Streaming follows OpenAI’s SSE protocol exactly:


data: {"id":"chatcmpl-xxx","object":"chat.completion.chunk","choices":[{"delta":{"content":"Hel"}}]}
data: {"id":"chatcmpl-xxx","object":"chat.completion.chunk","choices":[{"delta":{"content":"lo"}}]}
data: {"id":"chatcmpl-xxx","object":"chat.completion.chunk","choices":[{"delta":{},"finish_reason":"stop"}]}
data: [DONE]

The first chunk carries role: "assistant"; subsequent chunks carry only content deltas; the last chunk carries finish_reason.

Worked example: cURL

Non-streaming:


curl http://localhost:4000/v1/chat/completions \
  -H "Content-Type: application/json" \
  -H "Authorization: Bearer sk-myinstancekey" \
  -d '{
    "model": "demo-bot",
    "messages": [{"role": "user", "content": "Summarize Polyant in one sentence."}]
  }'

Streaming:


curl -N http://localhost:4000/v1/chat/completions \
  -H "Content-Type: application/json" \
  -H "Authorization: Bearer sk-myinstancekey" \
  -d '{
    "model": "demo-bot",
    "stream": true,
    "messages": [{"role": "user", "content": "Tell me a story about an AI assistant."}]
  }'

Worked example: Python


from openai import OpenAI
 
client = OpenAI(
    base_url="http://localhost:4000/v1",
    api_key="sk-myinstancekey",
)
 
resp = client.chat.completions.create(
    model="demo-bot",
    messages=[{"role": "user", "content": "Hello!"}],
)
print(resp.choices[0].message.content)

Worked example: TypeScript


import OpenAI from "openai";
 
const client = new OpenAI({
  baseURL: "http://localhost:4000/v1",
  apiKey: "sk-myinstancekey",
});
 
const resp = await client.chat.completions.create({
  model: "demo-bot",
  messages: [{ role: "user", content: "Hello!" }],
});
console.log(resp.choices[0].message.content);

What the API does not support

Function calling on the request side.

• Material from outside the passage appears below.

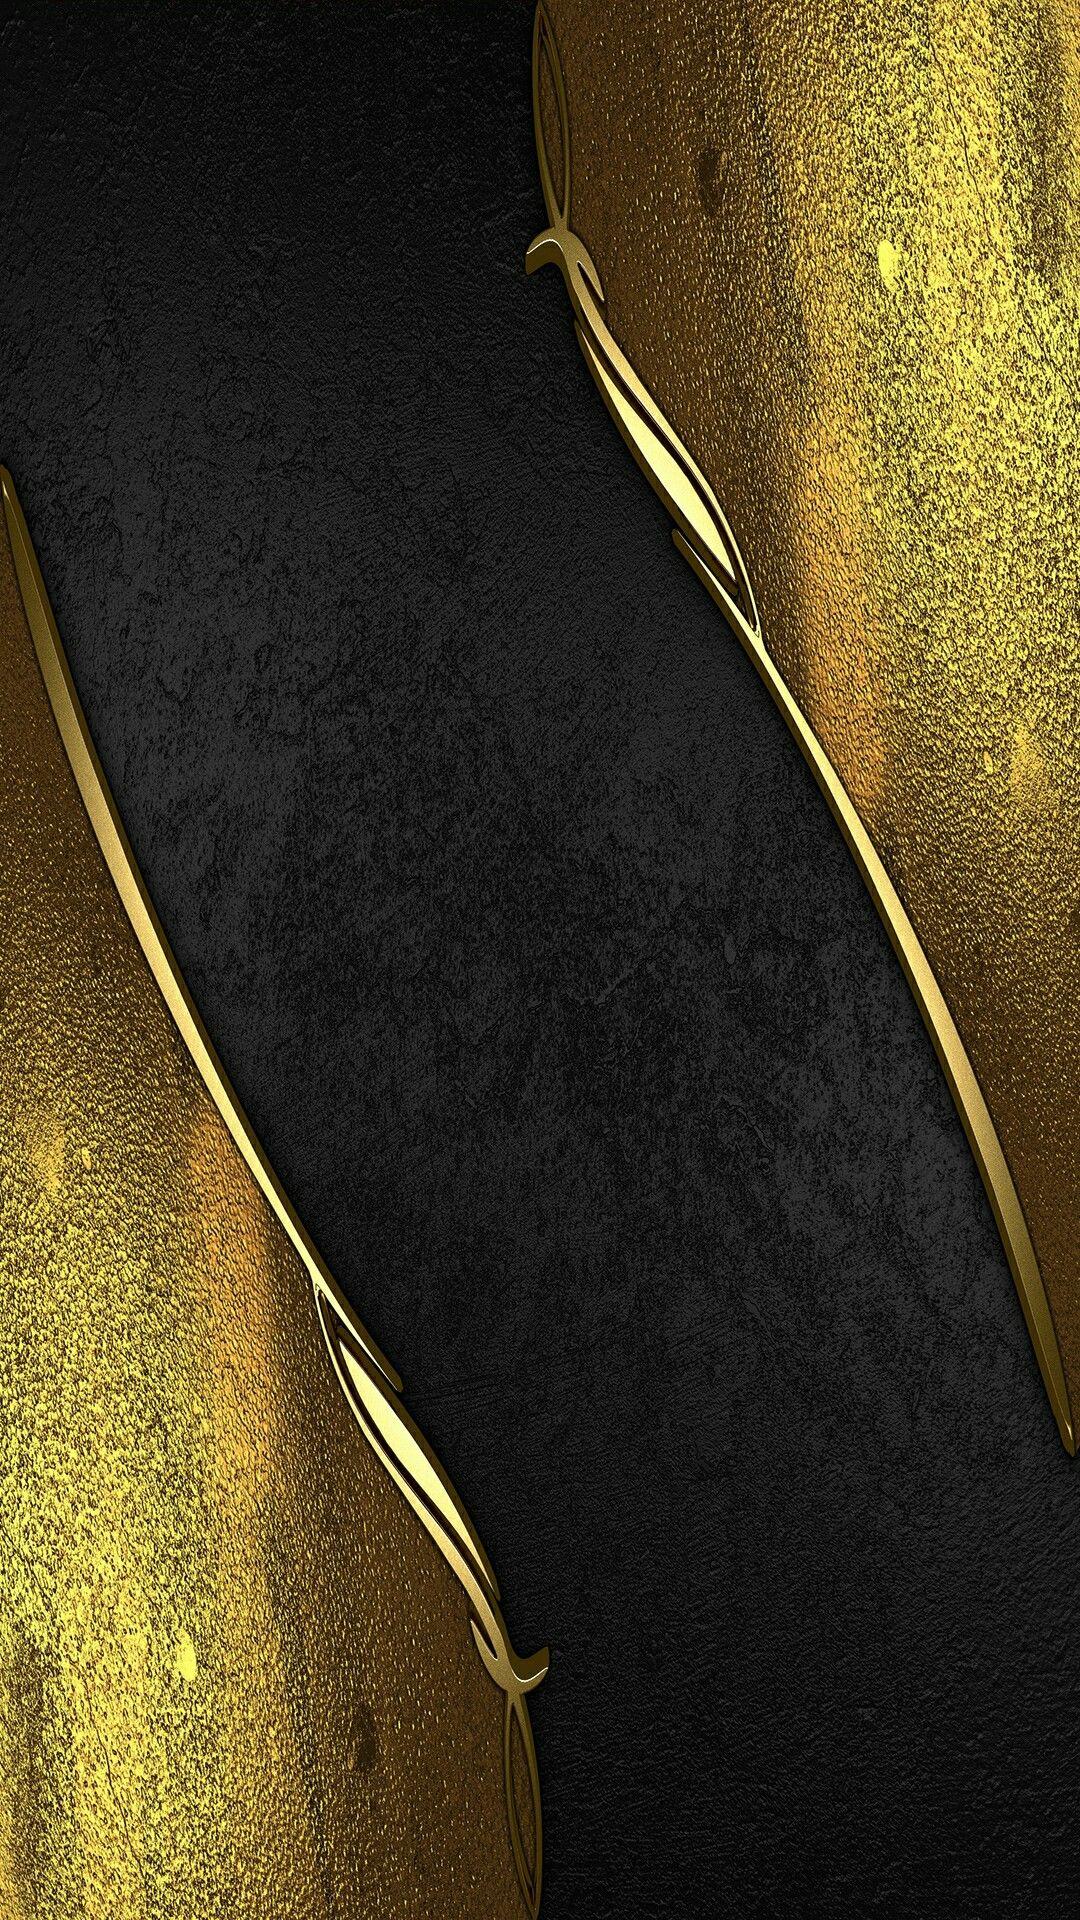 Pin by Erkan Bildirici on gold wallpaper Pinterest
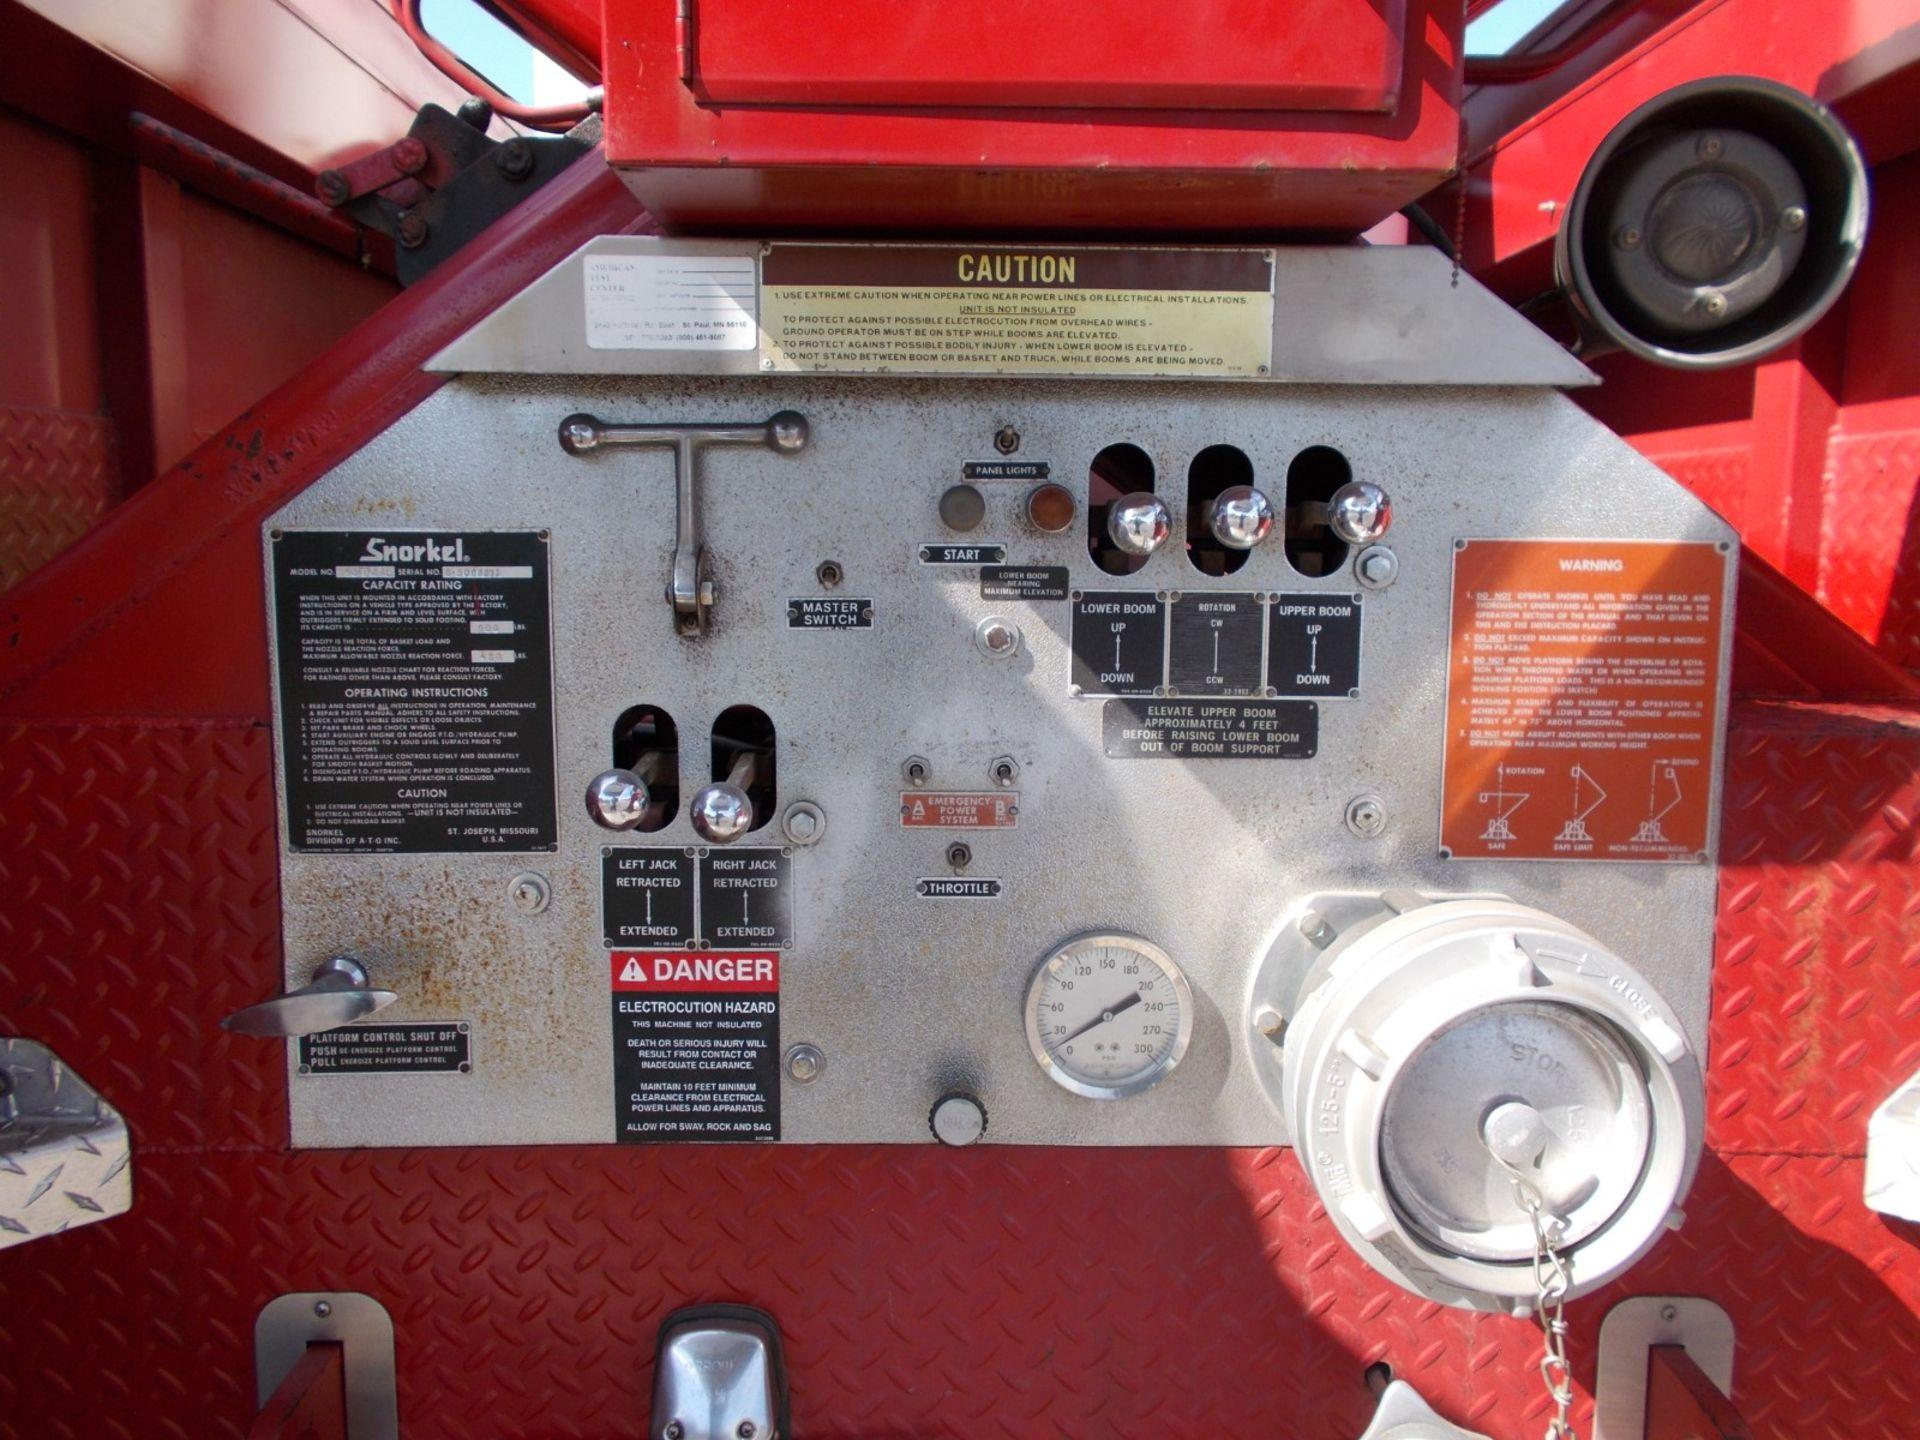 1978 HENDRICKSON 871-LPS SNORKEL FIRE TRUCK, U.S. IMPORT, 7.0 LITRE DETROIT DIESEL ENGINE *PLUS VAT* - Image 14 of 22

Tools are configured per instance from the admin panel, not in the request payload.
Multiple system messages. The system prompt is composed server-side from the eight Prompts sections.
Image input via the API. Multimodal input arrives only through channel adapters today.
Embeddings or moderations. Those endpoints are not implemented.